25.02.1890 - 25.11.1965
Voice/Instrument: Pianoforte


Dame Myra Hess DBE (25 February 1890 – 25 November 1965) was a British pianist.

She was born in London as Julia Myra Hess, but was best known by her middle name. At the age of five she began to study the piano and two years later entered the Guildhall School of Music, where she graduated as winner of the Gold Medal. She studied at the Royal Academy of Music under Tobias Matthay. Her debut came in 1907 when she played Beethoven's Piano Concerto No. 4 with Sir Thomas Beecham conducting. She went on to tour through Britain, the Netherlands and France. Upon her American debut (New York, 24 January 1922) she became a prime favourite in the United States, not only as a soloist, but also as a fine ensemble player. She also has a surprising link to jazz, having given lessons in the '20s to Ivy Brubeck, mother of Dave Brubeck.

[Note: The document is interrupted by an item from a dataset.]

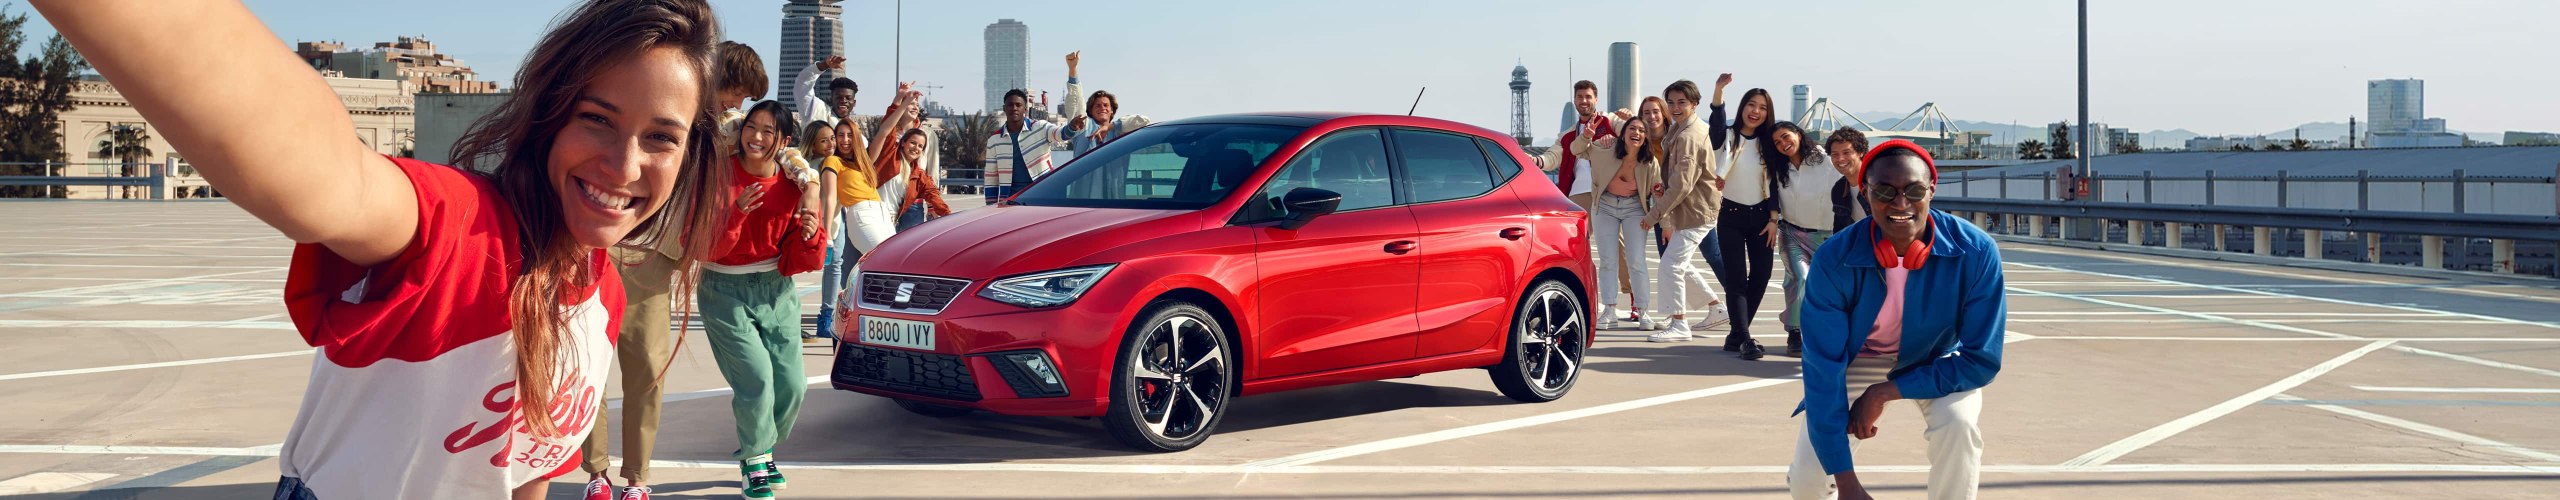 Party of friends with the SEAT Ibiza desire red colour in the middle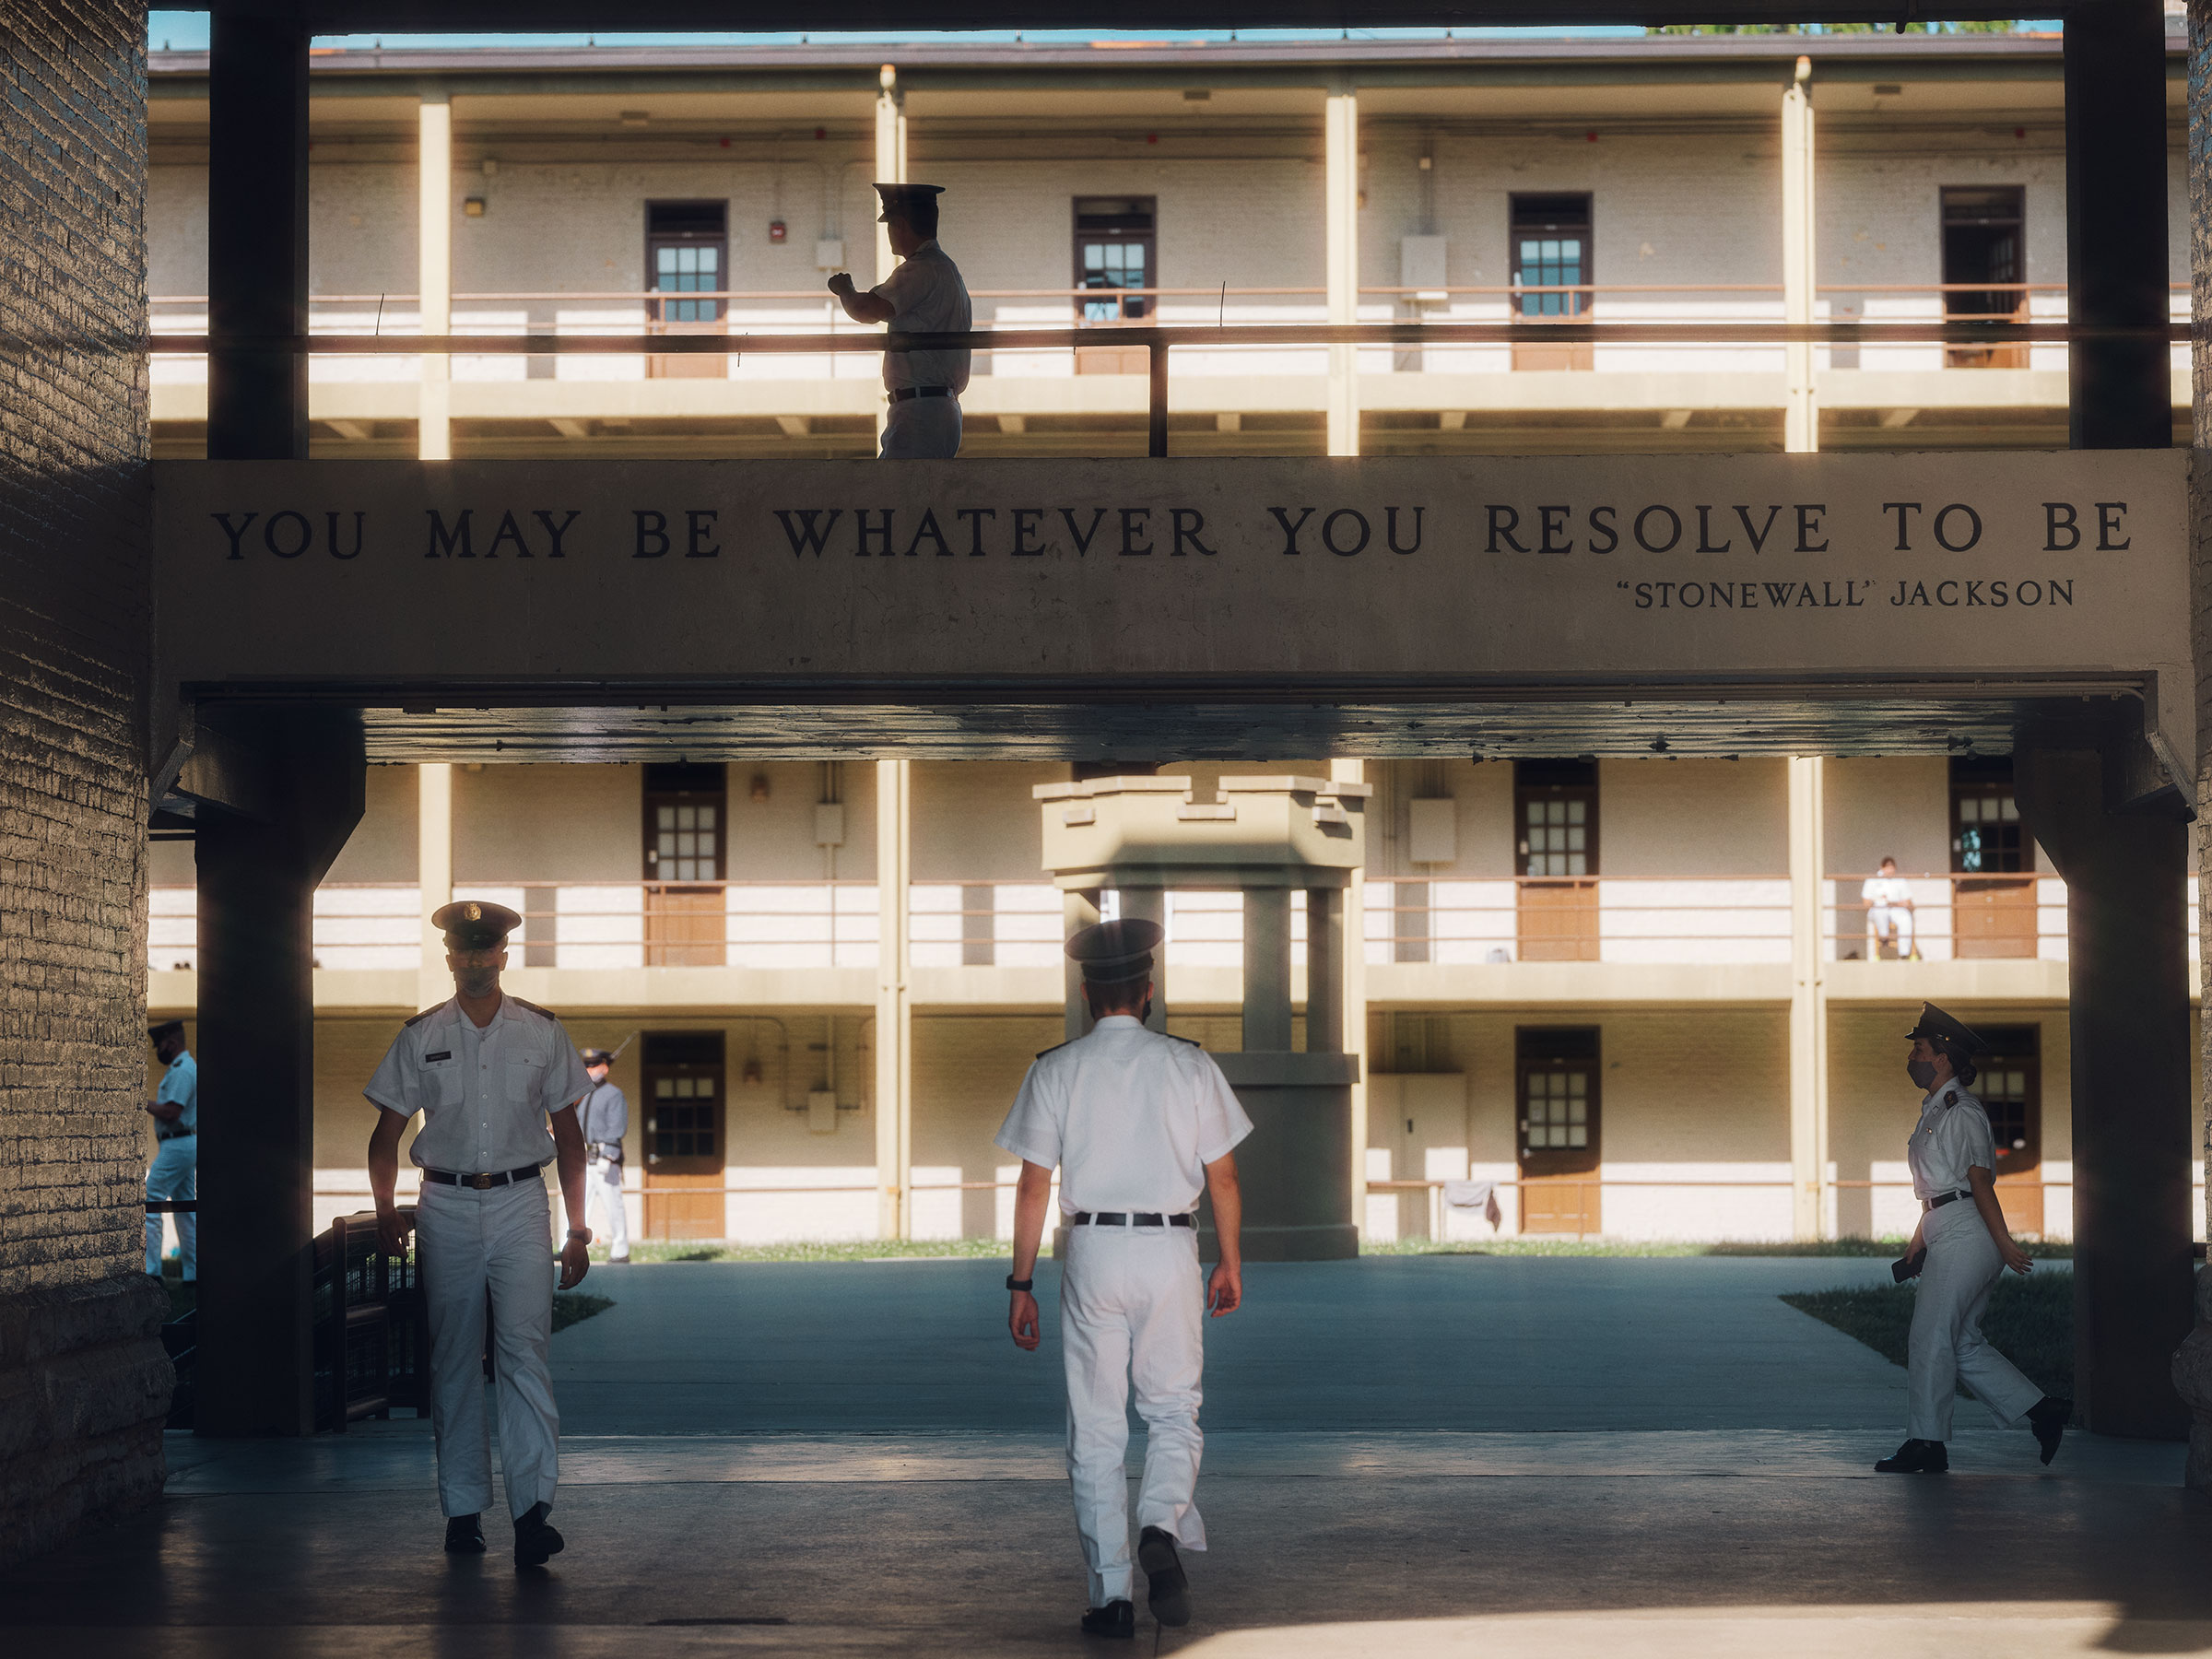 VMI’s board voted in May to strip Jackson’s name from the mantra adorning the barracks.

Hess garnered greater fame during World War II when, with all concert halls blacked out at night to avoid being targets of German bombers, she organized what would turn out to be some 1700 lunchtime concerts spanning a period of six years, starting during the London Blitz. The concerts were held at the National Gallery, in Trafalgar Square; Hess herself played in 150 of them. For this contribution to maintaining the morale of the populace of London, King George VI awarded her with the Dame Commander of the British Empire (DBE) in 1941; having previously been created a CBE in 1936. Hess makes a brief appearance performing at one of her lunchtime concerts in the 1942 wartime documentary Listen to Britain (directed by Humphrey Jennings and Stuart McAllister).

In 1946, Arturo Toscanini invited Hess to perform with the NBC Symphony Orchestra in New York City. Toscanini biographer Mortimer Frank wrote that, after Toscanini and Hess failed to agree on tempos for Beethoven's fifth piano concerto, they decided instead to perform Beethoven's third concerto. The 24 November 1946 broadcast concert was preserved on transcription discs and later issued on CD by Naxos.

Hess was most renowned for her interpretations of the works of Mozart, Beethoven and Schumann, but had a wide repertoire ranging from Domenico Scarlatti to contemporary works. She gave the premiere of Howard Ferguson's Piano Sonata and his Piano Concerto. She also played a good amount of chamber music, and performed in a piano duo with Irene Scharrer. She promoted public awareness of the piano duo and two-piano works of Schubert.

She arranged the chorale prelude of "Jesus bleibet meine Freude" (known in English as "Jesu, Joy of Man's Desiring") from Johann Sebastian Bach's Cantata Herz und Mund und Tat und Leben, BWV 147 for piano. Her protégés included Clive Lythgoe and Richard and John Contiguglia. She was a teacher of Steven Kovacevich.

Hess' lunchtime concerts influenced the formation of City Music Society.

In September 1961, Hess played her final public concert at London's Royal Festival Hall. She was forced to retire after developing rheumatism of the hands.

On November 25, 1965 Hess died at age 75 of a heart attack in her London home.